What you need to do
Your output should be exactly the lines from the one containing "Zwei vergoldete Paul" through the final line of the records, both included, with every picture left out.

Records to process
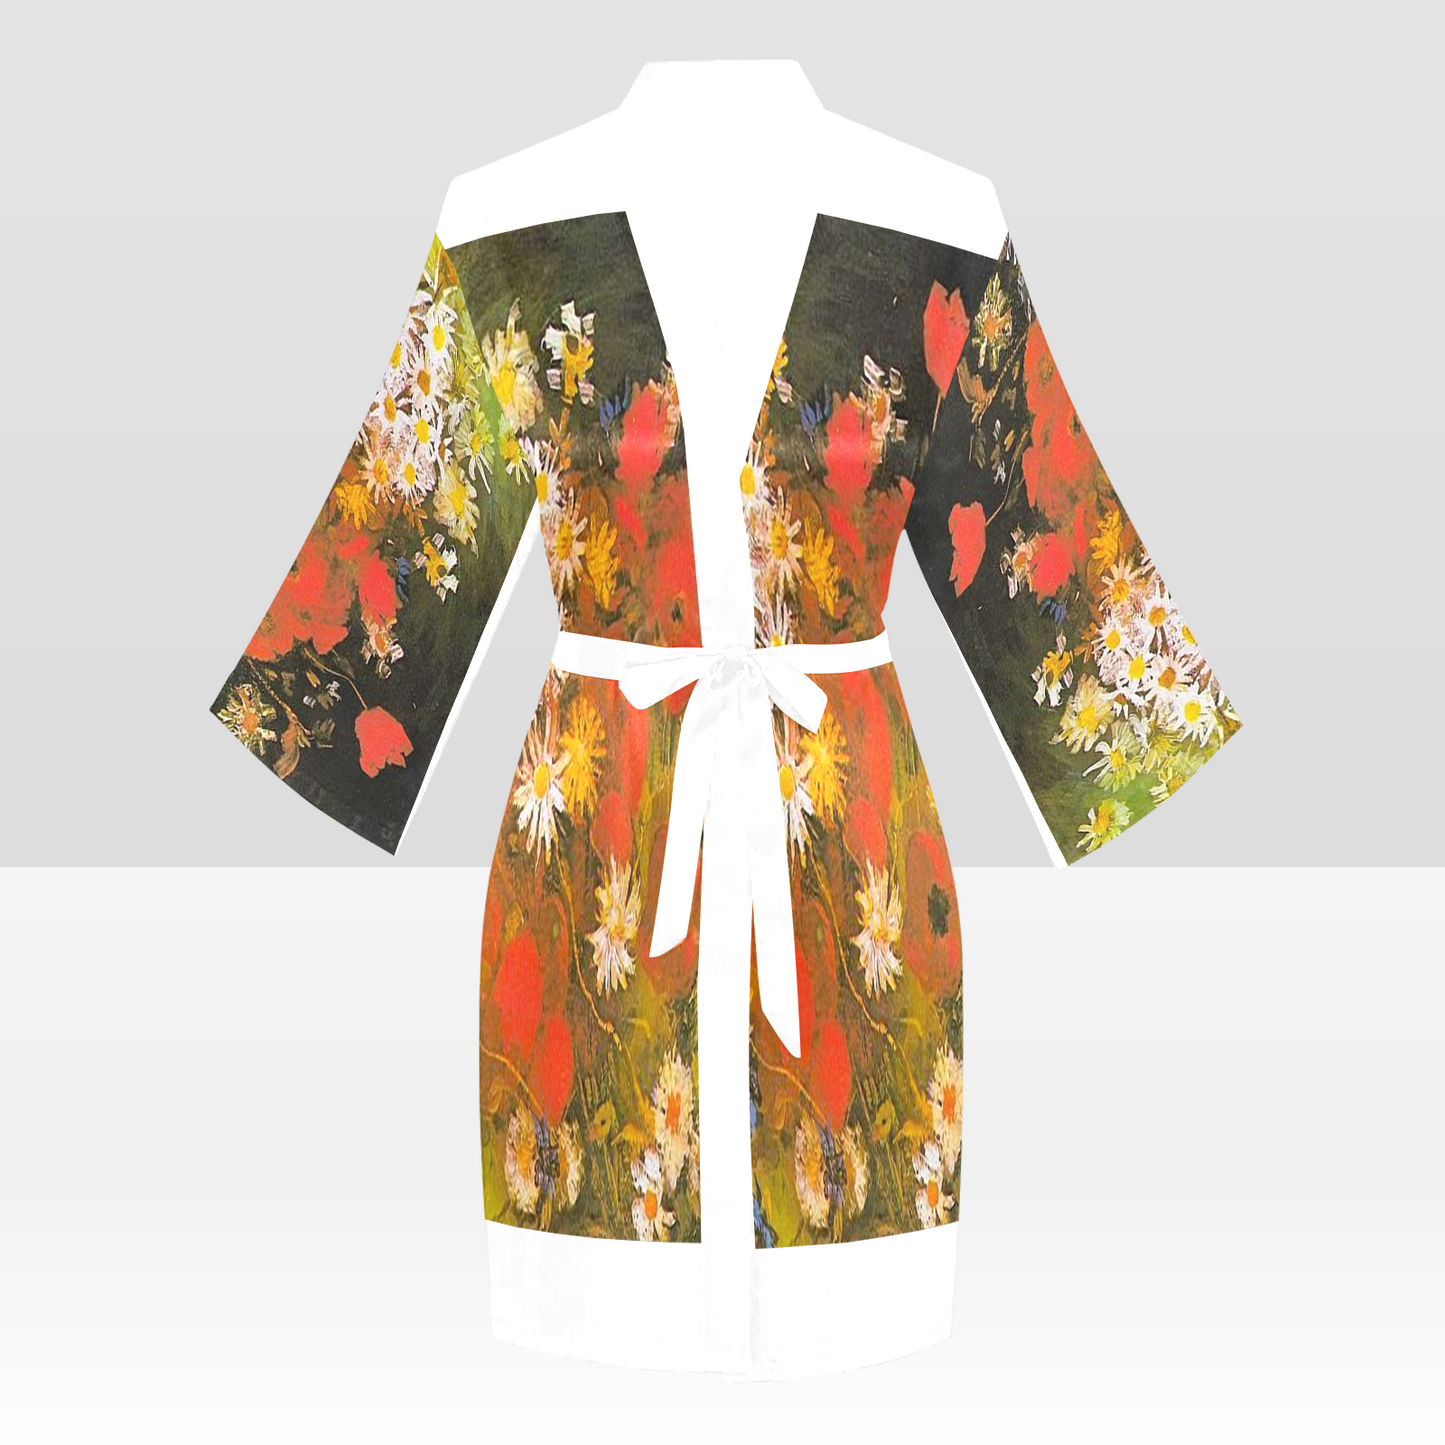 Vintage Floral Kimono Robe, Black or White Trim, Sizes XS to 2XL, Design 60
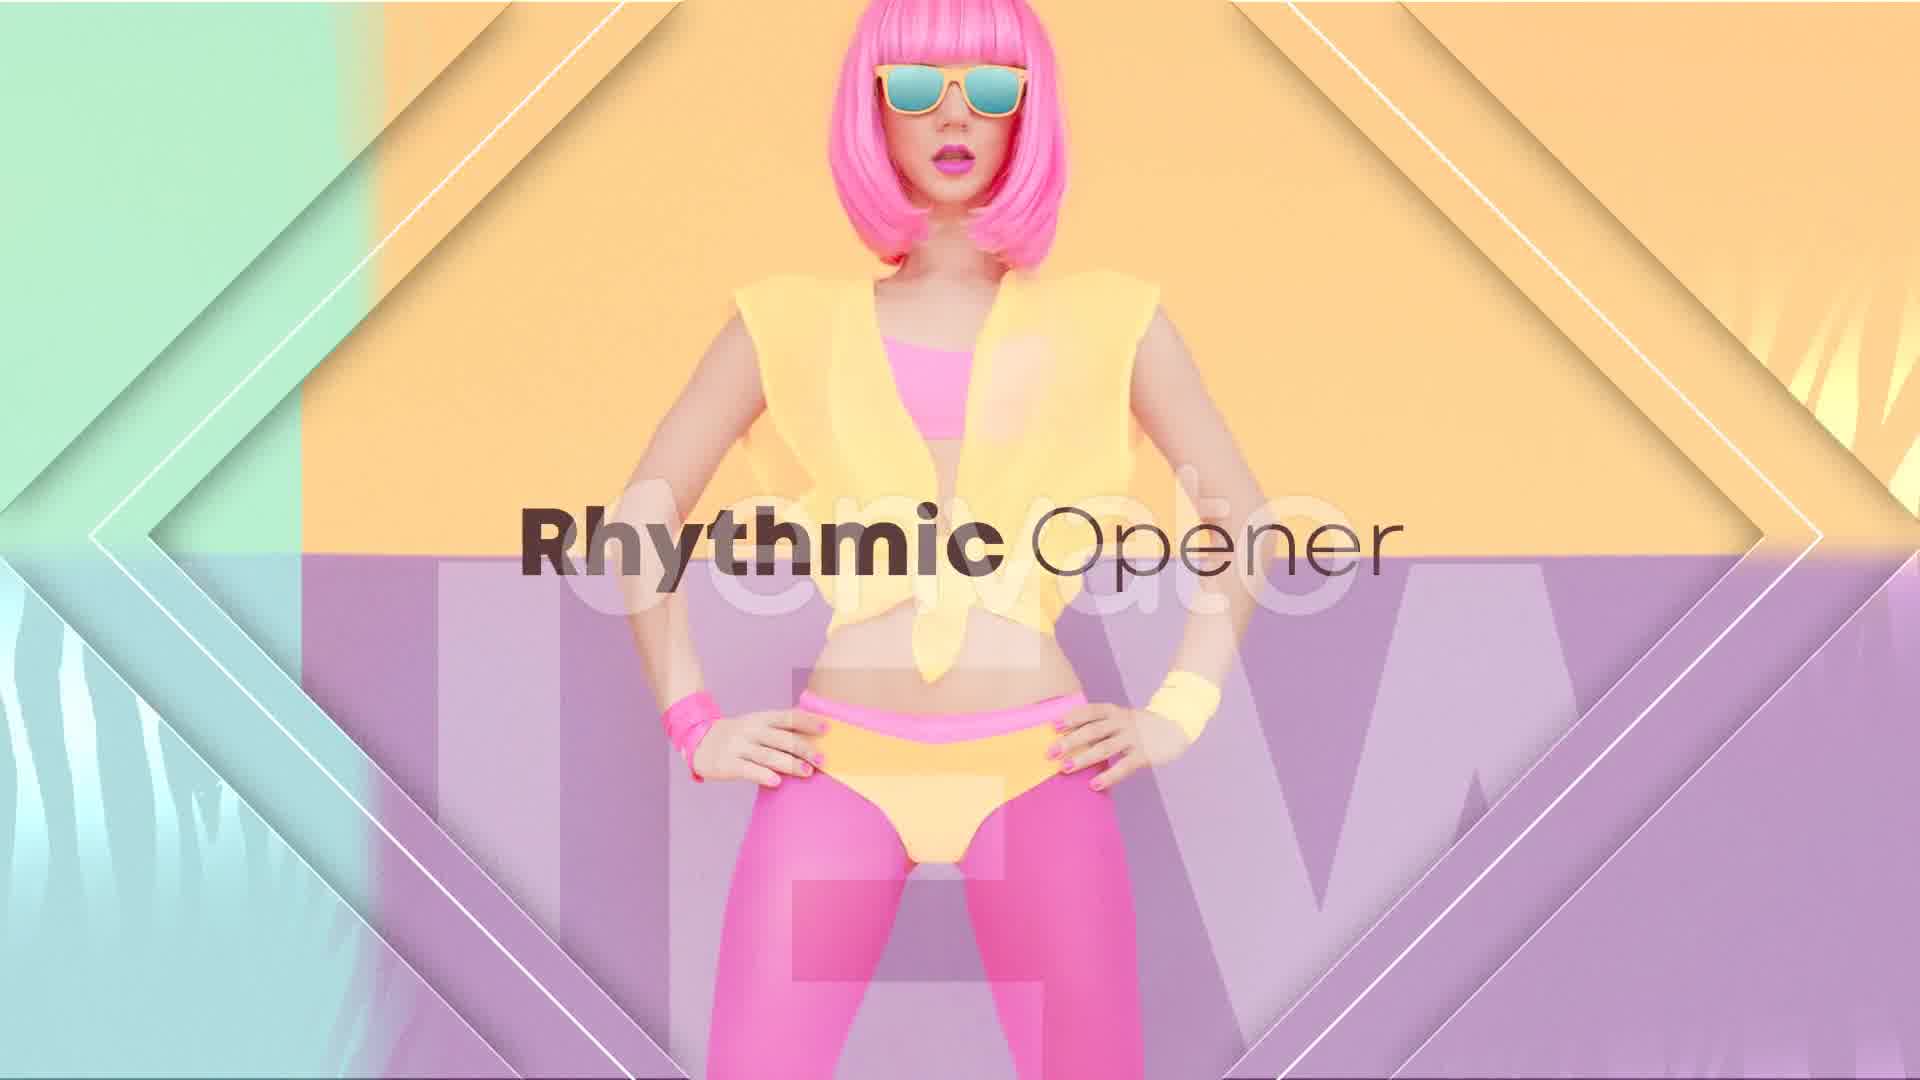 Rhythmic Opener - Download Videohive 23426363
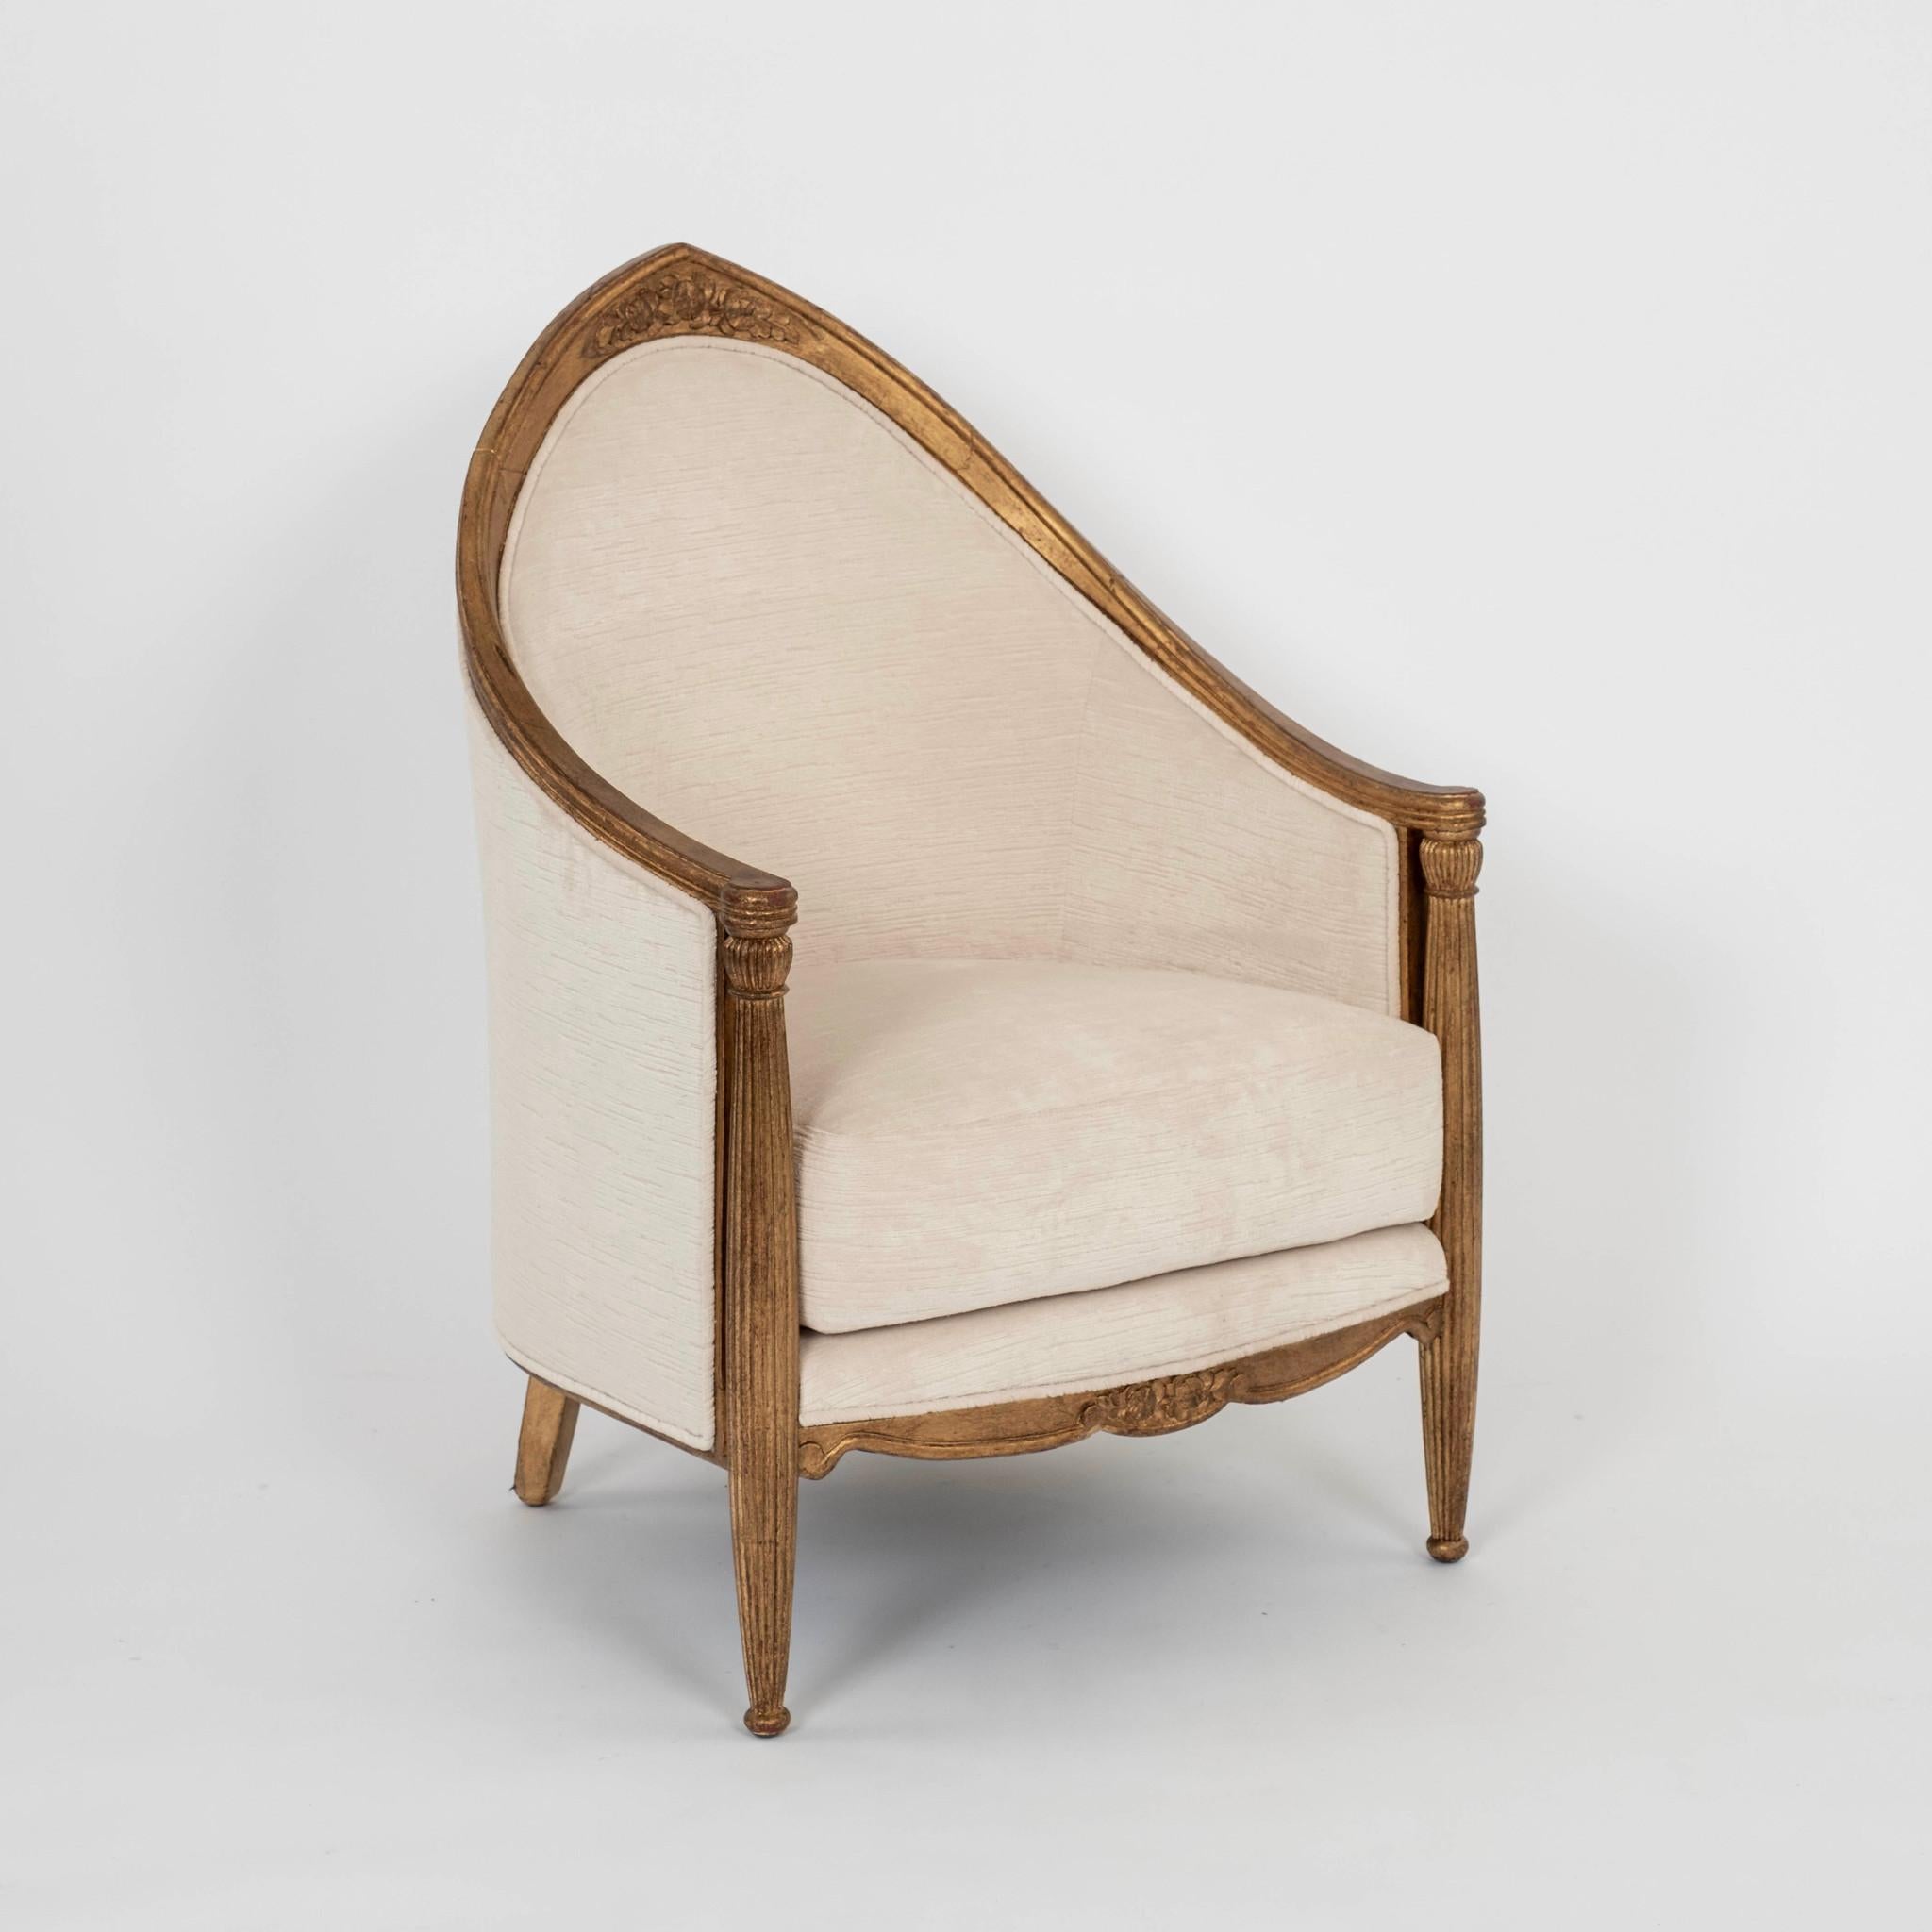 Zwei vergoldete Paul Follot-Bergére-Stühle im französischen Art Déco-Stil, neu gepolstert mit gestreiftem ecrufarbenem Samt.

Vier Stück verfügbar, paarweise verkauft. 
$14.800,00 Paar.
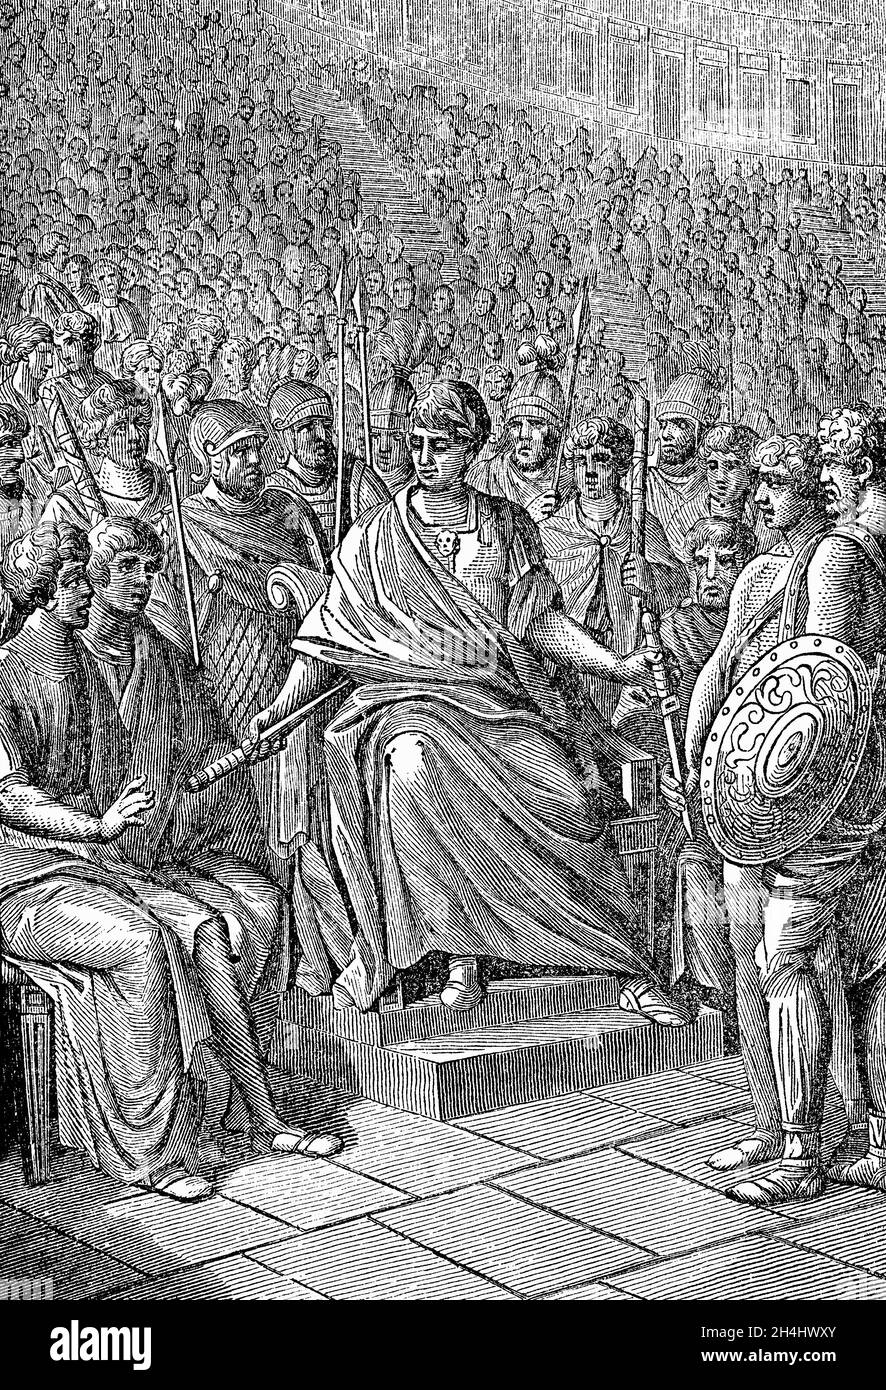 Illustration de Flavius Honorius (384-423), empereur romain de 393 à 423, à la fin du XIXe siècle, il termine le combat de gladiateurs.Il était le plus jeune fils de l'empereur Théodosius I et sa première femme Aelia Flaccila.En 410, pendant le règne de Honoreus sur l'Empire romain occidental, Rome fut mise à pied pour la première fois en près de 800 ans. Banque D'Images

Answer space
 Zwei vergoldete Paul Follot-Bergére-Stühle im französischen Art Déco-Stil, neu gepolstert mit gestreiftem ecrufarbenem Samt.

Vier Stück verfügbar, paarweise verkauft. 
$14.800,00 Paar.
 Illustration de Flavius Honorius (384-423), empereur romain de 393 à 423, à la fin du XIXe siècle, il termine le combat de gladiateurs.Il était le plus jeune fils de l'empereur Théodosius I et sa première femme Aelia Flaccila.En 410, pendant le règne de Honoreus sur l'Empire romain occidental, Rome fut mise à pied pour la première fois en près de 800 ans. Banque D'Images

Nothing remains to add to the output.